In my first startup, we created a tech which enabled commercial vehicle fleets to reduce their overall fuel consumption and CO2. We calculated that we had saved about 18,000 tons of CO2 in one 12-month period. I always like that.
I also try to support startups and founders who do things that do good. I’m not so free and easy with my time as I used to be, but if I can give someone genuine a leg up on the competition, I will. I also try and run a bit of ‘job-finding’ network for my contacts and ex-colleagues.
Finally, I wholeheartedly support the local economy and spend money locally whenever possible.
You are a person of enormous influence. If you could inspire a movement that would bring the most amount of good to the most amount of people, what would that be? You never know what your idea can trigger. :-)
If we as technologists can learn to collaborate beyond our corporate and national boundaries, there is no end to what we can achieve. It has been said that science knows no national border, and I believe that we technologists, innovators and managers can truly help the human race. We need to look to the future, and not be dominated by petty nationalism and populism.
Can you please give us your favorite “Life Lesson Quote”? Can you share how that was relevant to you in your life?
Si vis pacem, para bellum, which translates to, “If you seek peace, prepare for war.” One never should seek to fight but the business world can be very tough, and it isn’t fair. Always be ready. Try to play out the possibilities for the decisions you make and remember that you can’t control very much.
We are very blessed that very prominent leaders read this column. Is there a person in the world, or in the US with whom you would love to have a private breakfast or lunch with, and why?
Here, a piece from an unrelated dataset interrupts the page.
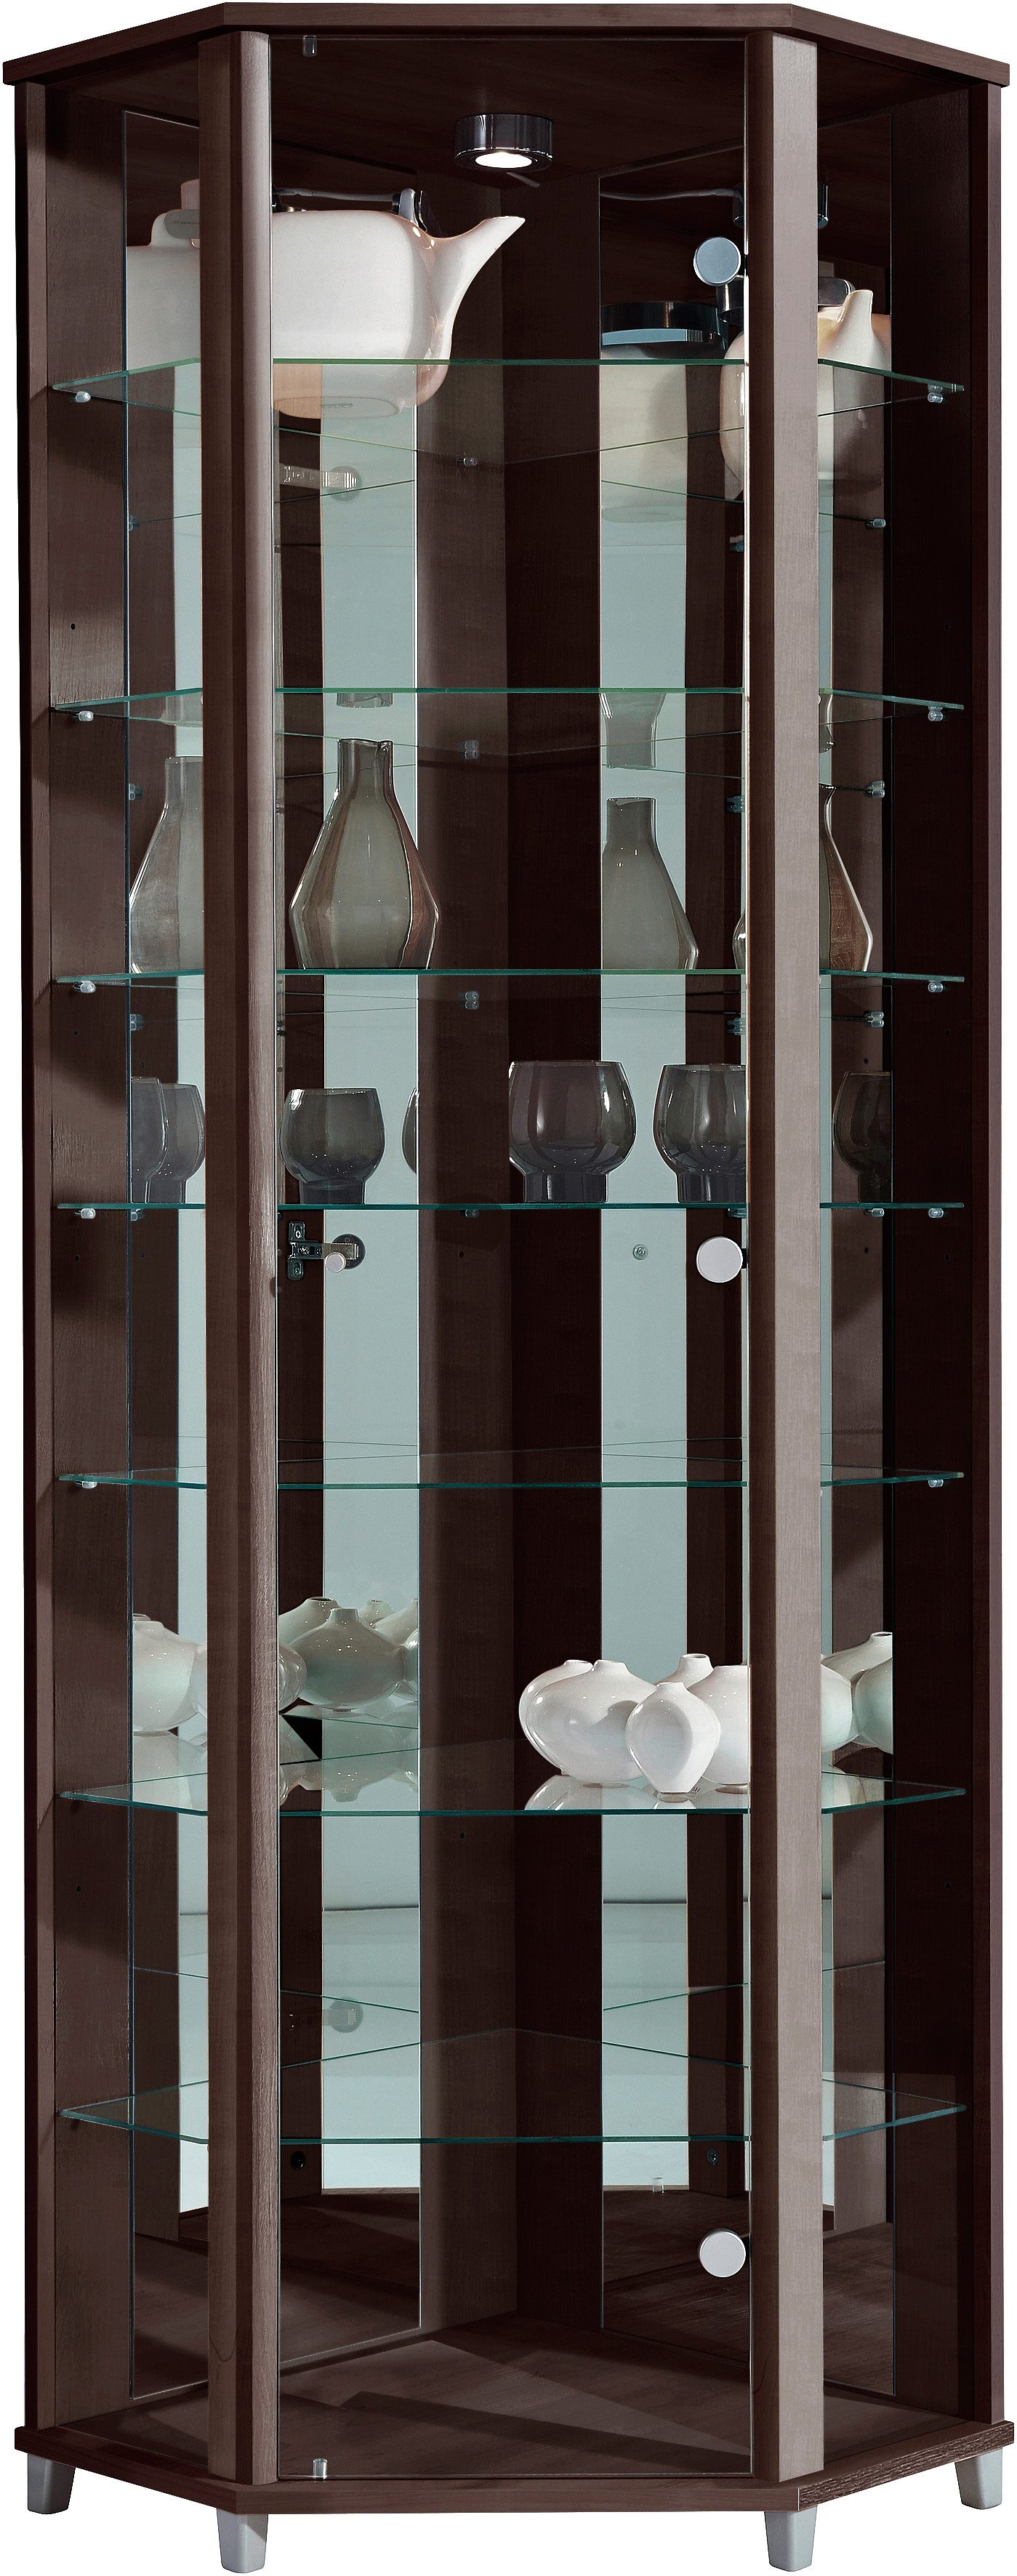 Eckvitrine, Höhe 172 cm, 7 Glasböden | Wohnzimmer > Vitrinen > Eckvitrinen | Braun | Melamin | QUELLE

He or she might just see this if we tag them :-)
I’m a huge fan of author Simon Sinek and Apple CEO Tim Cook. Both feature strongly in my professional belief system. Simon is the father of modern product innovation thinking. Tim is truly something else — an incredible leader in charge of one of the world’s largest tech empires. So many of us thought that a post-Jobs Apple wouldn’t thrive. Tim showed us that product innovation can be genetic in a company.